Yo! Canada
Radio broadcasts in South Florida help keep visiting Canadians in touch with their snowy homeland.
On Hollywood’s Broadwalk, the Labatts beer is cold, the poutine is hot and the barely clad bodies, sautéing in the sun, are abundant. This is Florida in the winter and – mon dieu – this is heaven.
But what’s that voice, cutting thought the warmth like a blast of arctic air?
“Boy, oh boy, was it cold across Canada last night,” the voice booms from a radio. “Sixteen below, and this morning I see ice on my studio window.”
For 5.5 minutes – about the time it takes to eat a creme glacee before it melts in the Florida sun- anyone within listening range can hear Canadian broadcaster Prior Smith, spewing out Canadian News from his ice-covered country. He’s in his home studio 2,000 miles north, near Toronto, overlooking a frozen lake. Brrrrrrrrrr. No Bikini weather there, and the only thing close to naked are the leafless maple trees……

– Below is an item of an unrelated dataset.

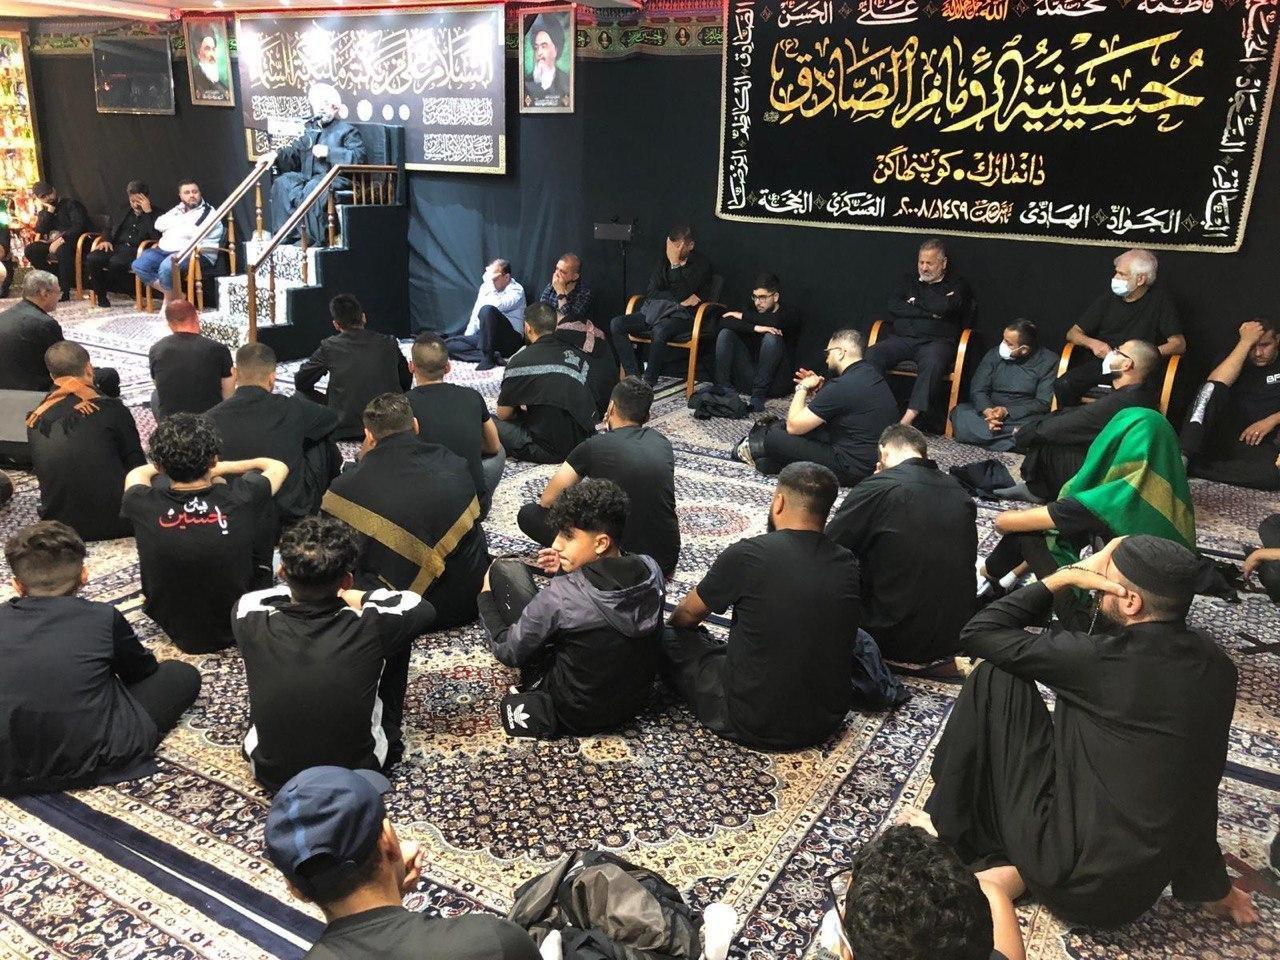 صورة مؤسسة الإمام الصادق عليه السلام في الدنمارك تحيي ذكرى عاشوراء

Canadian broadcaster is Prior Smith offers headline news interspersed with plugs for Florida attractions. (“Visit Busch Gardens and get a $4 Canadian discount.”) Following in the footsteps of Dave Price, who died at 75 in 1978, Smith started with four radio stations and is now heard on 27 stations throughout Florida…….
Smith draws from a sizable statewide audience and 2.5 million Canadians, and his local listeners are loyal.
“If we have a technical transmission problem, they call and ask what happened,” says Dolores King, general manager of WFTL, which has broadcast Smith’s program for more than a decade. “They want to know, “Are you going to fix it and when?”
Smith visits Broward every year to remind radio stations from Marco Island to Melbourne that a face goes with his voice. And never in 16 years of visits has he played a game of golf or splashed in the ocean. His dress is always a coat and tie.
“When I am in Florida, I’m working. It’s business,” says Smith, who broadcasts in chinos, rugby shirt and moccasins, his 12-year-old Irish setter at his feet.
Smith knows that having a feel for the community he’s serving is important, and while Canadians say Americans know little about their neighbor to the north, Smith is surefooted on foreign soil……
“Shortly before Dave died he called me one day out of the blue and said he was tickled pink I was doing what I was doing.” says Smith, who had never met the man. “I like to think I’m keeping the tradition alive.”